One way was to convince immigrants to buy homes. People who had not been in the country long, often had "never failed to repay a debt, because they had never been given a loan". Such people had surprisingly high FICO scores if you ignored the short credit history or "thin file". Rating agencies did, and FICO scores ignored and personal or household income.[72] Thus did low income immigrants increase the percentage of pool of loans that could be declared triple-A"[73] and explain otherwise unlikely sounding press reports of a "Mexican strawberry picker with an income of $14,000 and no English" being "lent every penny he needed to buy a house of $724,000".[73][74]

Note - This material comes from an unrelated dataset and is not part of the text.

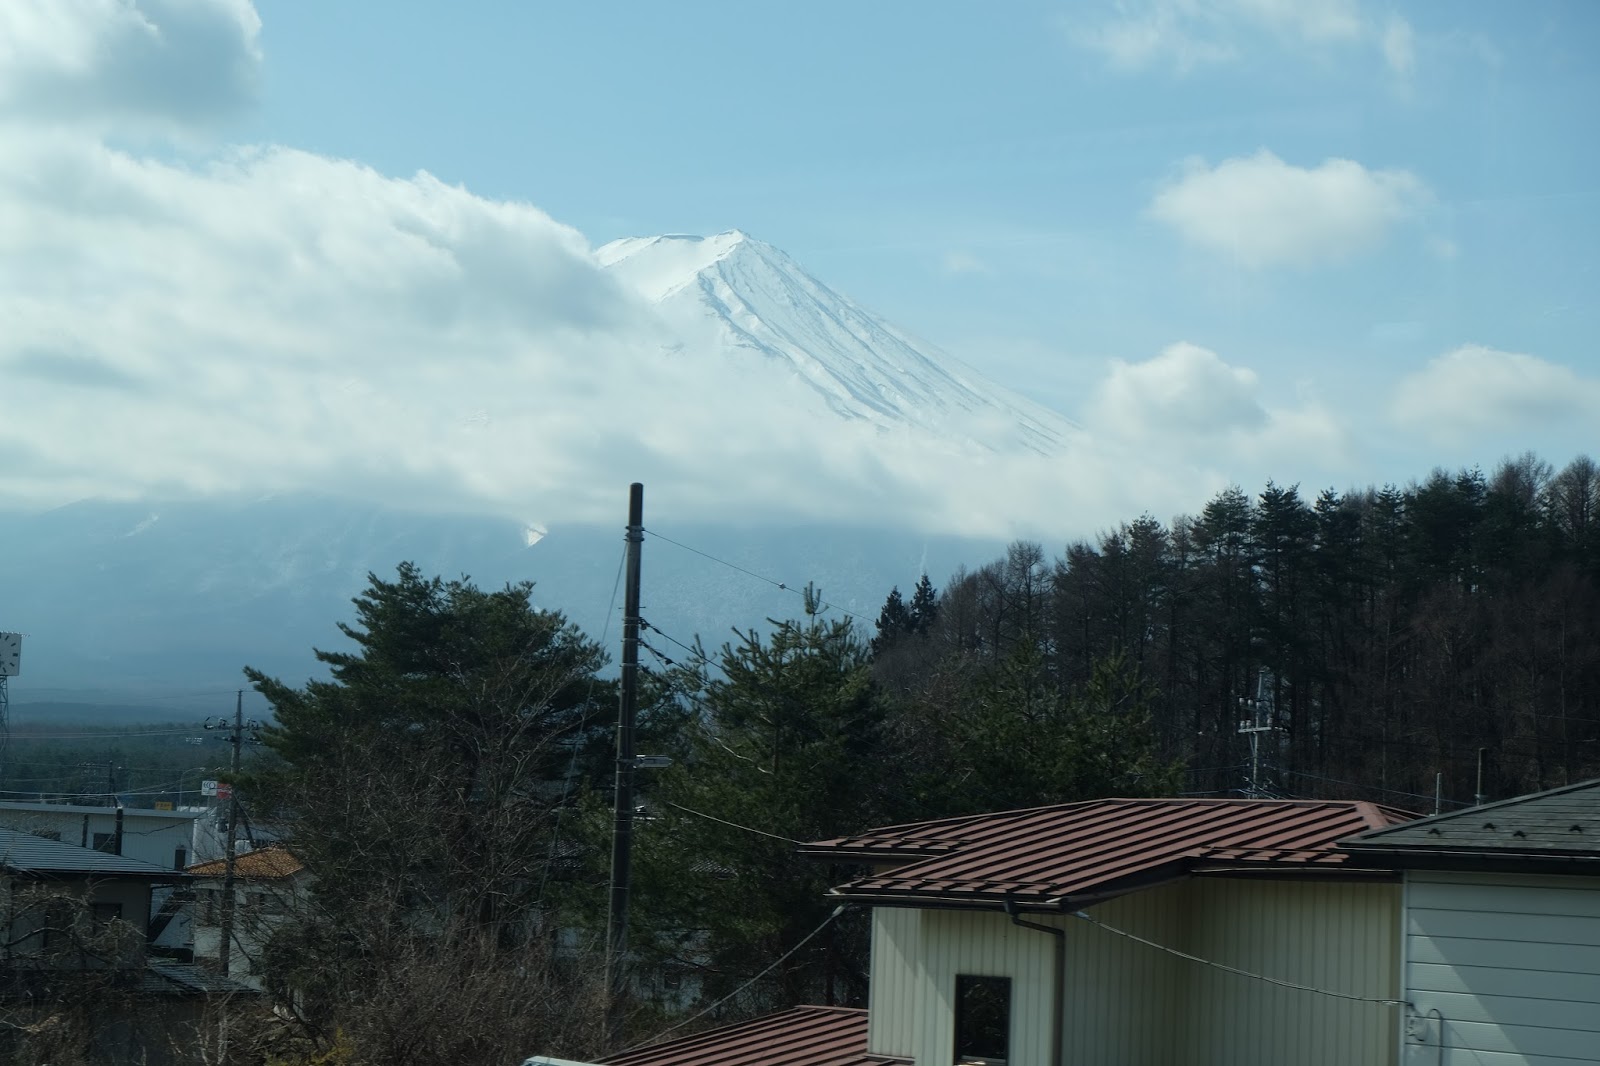 Day 3 Mt Fuji Jepang 9 Hari 9 Kota 8 Juta Rupiah

Other "opportunities" for issuers manipulating credit raters included

  • Moody's and S&P favoring of "floating-rate mortgages with low teaser rates over fixed-rate" mortgages;
  • their lack of interest in whether "a loan had been made in a booming real estate market or a quiet one";
  • whether a lender had a 'silent second',[75] i.e. an undisclosed second mortgages that left the homeowner with no equity in his home and thus no financial incentive not abandon it if real estate prices declined; and
  • "the fraud implicit in no doc loans".[72]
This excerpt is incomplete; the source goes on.